Parallel validation for payment / trading-style payloads: run string and identifier checks on the CPU with Rayon, and pack fixed-point numerics (ranges, GST, FX conversion, simple interest) into one WebGPU compute dispatch per batch.

The crate is built around rust-key-paths for type-safe field access and wgpu for portable GPU execution (Vulkan, Metal, DX12, etc.).


Beginner’s guide

This section is for you if you are new to the project or to Rust crates that mix CPU parallelism and GPU compute.

What you should already know

  • Rust basics: cargo, struct, enum, impl, and reading example binaries under examples/.
  • Optional: A little exposure to shaders or WebGPU helps for the numeric path, but you can treat GpuNumericEngine as a black box at first.

What this crate does (in one minute)

  1. String-style validation — You point at a field on a struct (via key paths from #[derive(Kp)]), attach rule functions, and call apply. Mandatory rules run one after another; if one fails, the rest of that builder’s mandatory chain is skipped. Other rules for the same field run in parallel with Rayon.
  2. Numeric validation and math — You fill a Vec<NumericRule> with fixed-point integers (amounts scaled ×100). The GPU runs many rules in one dispatch and returns a Vec<NumericOutput> (error code + optional calculated value).

So: texty things → CPU + Rayon, lots of fixed-point number rules → GPU batch.

Prerequisites

  • Rust (stable, recent; edition 2024 is declared in Cargo.toml — use a toolchain that supports it).
  • A working GPU stack for examples that call GpuNumericEngine (e.g. Metal on Apple Silicon, Vulkan on many Linux setups, DX12 on Windows).
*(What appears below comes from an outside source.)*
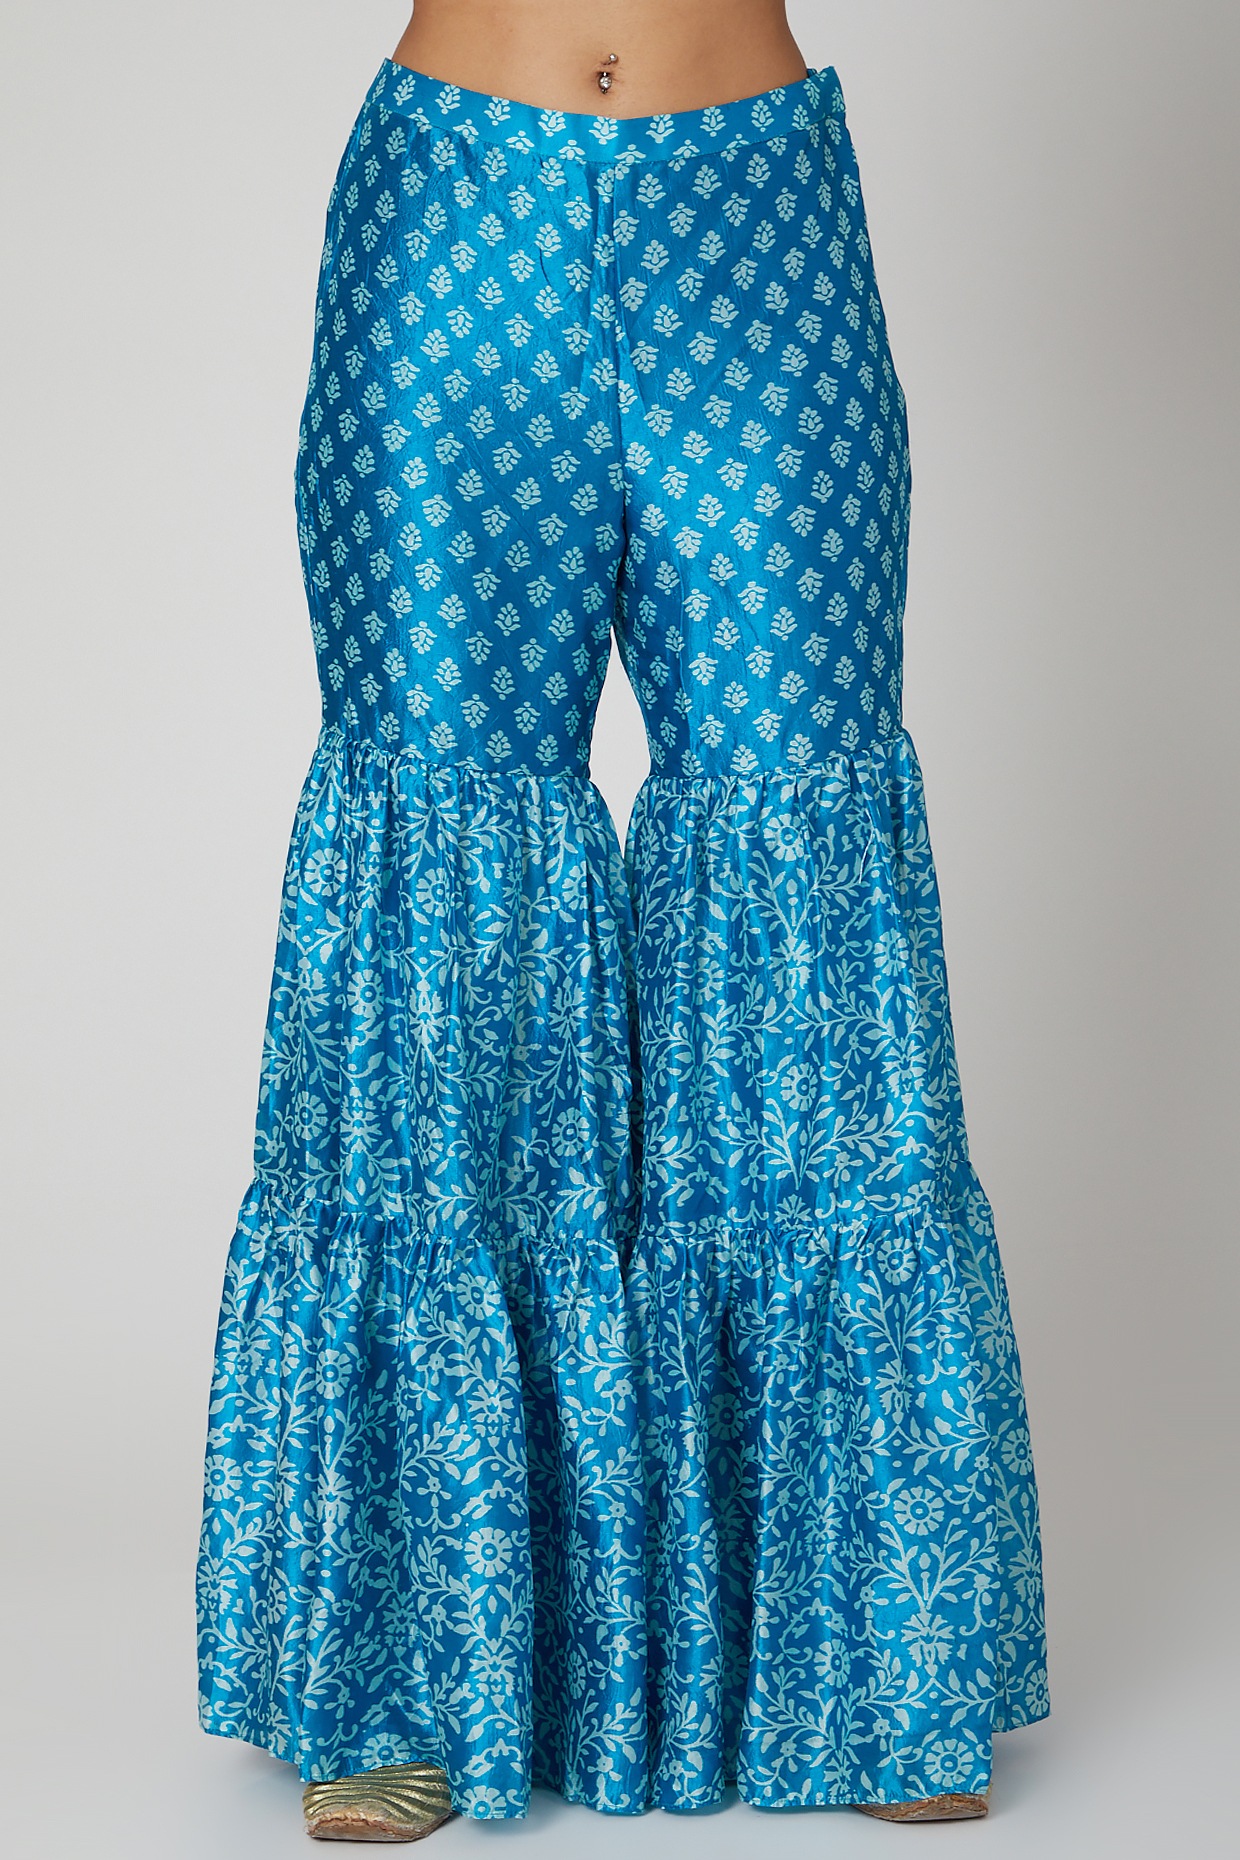 Deep Aurora Blue Printed Blouse With Cape and Sharara Pants – Awigna

If the GPU path fails, check drivers / OS support for wgpu.

First run (step by step)

  1. Clone the repo and enter the crate directory (the one that contains Cargo.toml):

    cd par-validator
  2. Optional — smallest sample (CPU only, no GPU):

    cargo run --example basics
  3. Run the small end-to-end demo (strings on the CPU, numbers on the GPU):

    cargo run --example hybrid_gpu
  4. When that works, try a CPU-only large batch:

    cargo run --release --example fintech_rayon_nested
  5. Then a GPU-heavy batch:

    cargo run --release --example fintech_gpu_batch

Where to read the code (suggested order)

Order File Why
1 examples/basics.rs Minimal Rule / builder only (no GPU)
2 examples/hybrid_gpu.rs Short story: Rule + GpuNumericEngine::run
3 src/builder.rs Rule: key path + bool predicates + apply
4 src/gpu_numeric.rs Rules, outputs, WGSL shader
5 examples/fintech_hybrid_batch.rs Bigger payload, both layers

Concepts cheat sheet

Term Meaning
Key path (Kp) Compile-time accessor to a field, e.g. MyStruct::field_name(), from key-paths-derive.
Rule Holds a key path + mandatory / parallel fn(Option<&V>) -> bool rules, each with an error E; apply() returns Vec<E> for failures.
Mandatory rule Runs first, in order; first failure stops the rest of the mandatory list for that builder.
NumericRule One row: value ×100, rule kind, two integer parameters (meaning depends on kind).
GpuNumericEngine::run Uploads all rules, runs compute shader once, downloads results (blocking).

Flattening nested structs

Your business model can be deeply nested (parties, legs, charges). This crate’s Rule::new expects a KpType from plain #[derive(Kp)] fields. A common pattern (see fintech_rayon_nested) is a flat “view” struct that mirrors nested data for validation only.

If something goes wrong

  • cd to par-validator — Commands assume the crate root next to src/ and examples/.
  • GPU panic / “no adapter” — Environment may lack a supported backend; try another machine or update OS/GPU drivers.
  • Slower than expected — Use cargo run --release for large examples and benchmarks.

Features

Layer What How
Strings / IDs BIC-shaped data, IBAN-like lengths, UETR, product codes Rule + #[derive(Kp)] + Rayon
Numerics Range, %, tax in bps, FX ×1000 rate, interest GpuNumericEngine + WGSL compute
  • Mandatory rules run in order and short-circuit on the first failure.
  • Other rules for the same key path run in parallel inside Rule::apply.
  • GPU: all values are i32 scaled ×100 end-to-end in the shader (no f32/f64 on the boundary), avoiding nondeterministic floats in validation math.

Quick start

cd par-validator
cargo run --example hybrid_gpu

Basic example (CPU only)

The smallest program uses Rule on a #[derive(Kp)] struct — no GPU, no async, so it is easy to copy into your own crate.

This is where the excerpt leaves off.